Когда я его от себя отцепил, — не Вас, доктор, а пастора, — он не хотел выпускать мою руку или ослабить крайне неприятную хватку — я сотворил из деревянных дощечек в дальнем пределе церкви некое подобие очага и растянулся как на подстилке из шкур, краем которой прикрыл уши и голову. Ветер бил в стены и створки, во вспышках огня удлинялись и чернели тени, большие чёрные оперением птицы Геклы, их скользящие во мраке крылья, — веки тяжелеют и медленно смыкаются…
33
Ночь бела и светла; это не ночь, а бесконечный день, в котором Солнце закатывается, но никак не скроется из виду. Снорри, поэт, воспевавший мечи, но боявшийся их, утверждает, что в предустановленном порядке вещей человек идёт сразу после лета. Я полистал его старую книгу о человеческих существах, богах, метаморфозах и метафорах, которые непрестанно трансформируют людей, богов и прочие предметы мира, заставляя их ускорять ход, перетекать и перерождаться друг в друга. Ту книгу мне показал настоятель Магнуссен в библиотеке Бессастадира, время от времени он переводил мне отдельные куплеты. Оказывается, скальды, древние исландские поэты, воспевали судьбу и смерть, называя одно другим. Возможно, так они пытались обмануть смерть. Я привык носить много имён, они падают на тебя одно за другим, исчезают и появляются вновь, если одно мертво, другое-то живо и так далее… Предумышленная неразбериха в документах полиций всего мира.

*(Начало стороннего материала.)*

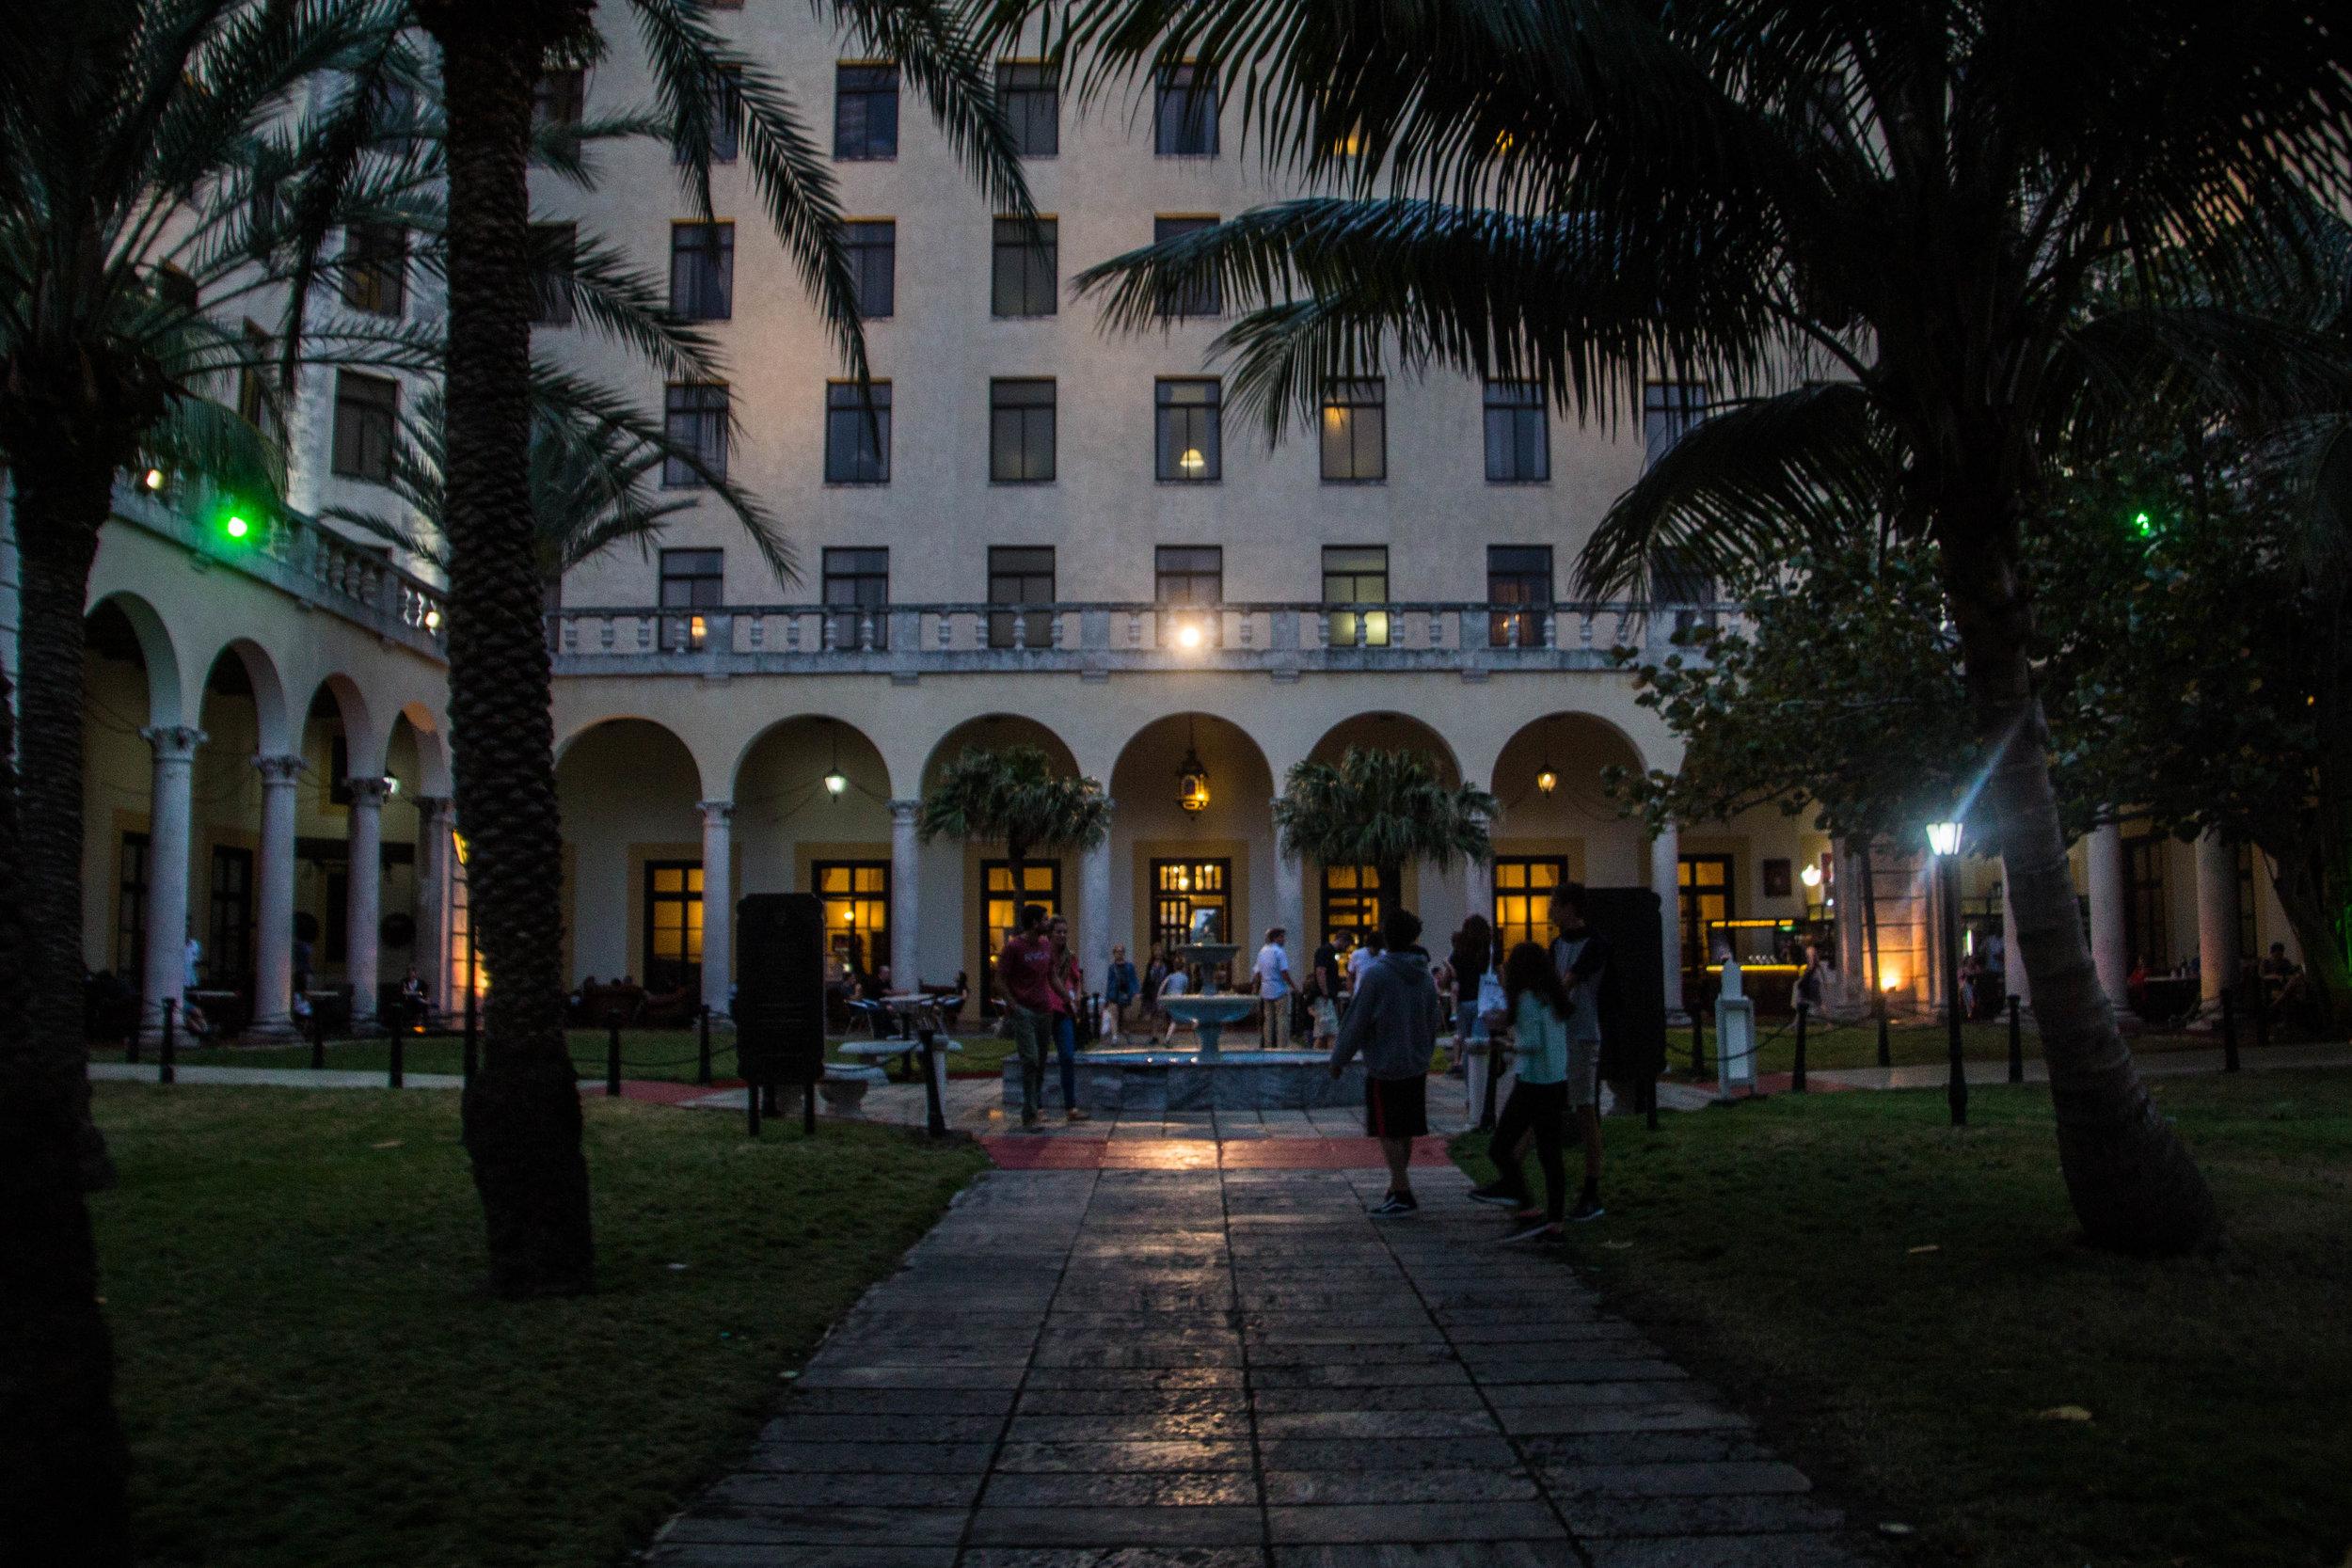 hotel nacional de cuba havana-1-3-2.jpg

Поэтому-то они меня и не возьмут, по крайней мере, до тех пор, пока не наступит конец. Рано или поздно на мир опустится вечная арктическая ночь и в ней погибнут все метафоры, а значит, и я тоже, но сейчас лето, длительный день нордического лета, мой день в качестве короля. В книге старика Снорри сказано, что в иерархии имён перед человеком идут боги, богини, поэзия, небо, земля, море, солнце, ветер, огонь, зима и лето. Я иду сразу после лета. Достопочтенный Магнуссен много раз перечитывал для меня те строки: я пообещал увеличить материальную помощь школе и повысить зарплату лекторам.
Возвращение в лето, в колыхание светотени в кустарнике, в отложенное на недели наступление сумерек. Когда нас везли в Дахау, в бронированном вагоне была вечная ночь, арктическая ночь, самая чёрная из ночей. Я знал, что раз жизнь достойна быть прожитой, то нашей задачей было соскоблить ту чернь с лица земли. И, что важнее всего, нам это удалось, а это многого стоит. Да, Ясон — вор и лжец: после победы мы увидели, как по-свински он себя повёл. Я и сам свинья. Зато я убил дракона, который мог раздавить и проглотить весь мир; он пророчил своему царству тысячелетнее существование, обещал тысячу лет жизни Дахау. Мне же для уничтожения этого царства понадобилось двенадцать лет, я разбил его на осколки, будто ночной горшок. Я одержал победу над драконом, пронзил его, и заслуживаю, мы, товарищи, заслуживаем, руно; неважно, что позже мы запятнали его кровью — собственной и дракона, — превратив его в красное знамя лета. Чернота запломбированных вагонов казалась бесконечной и нестираемой, но в Сталинграде их припорошило снегом, отмыв наслоения копоти и грязи. Мне нравится белый цвет. Снег. Исландия.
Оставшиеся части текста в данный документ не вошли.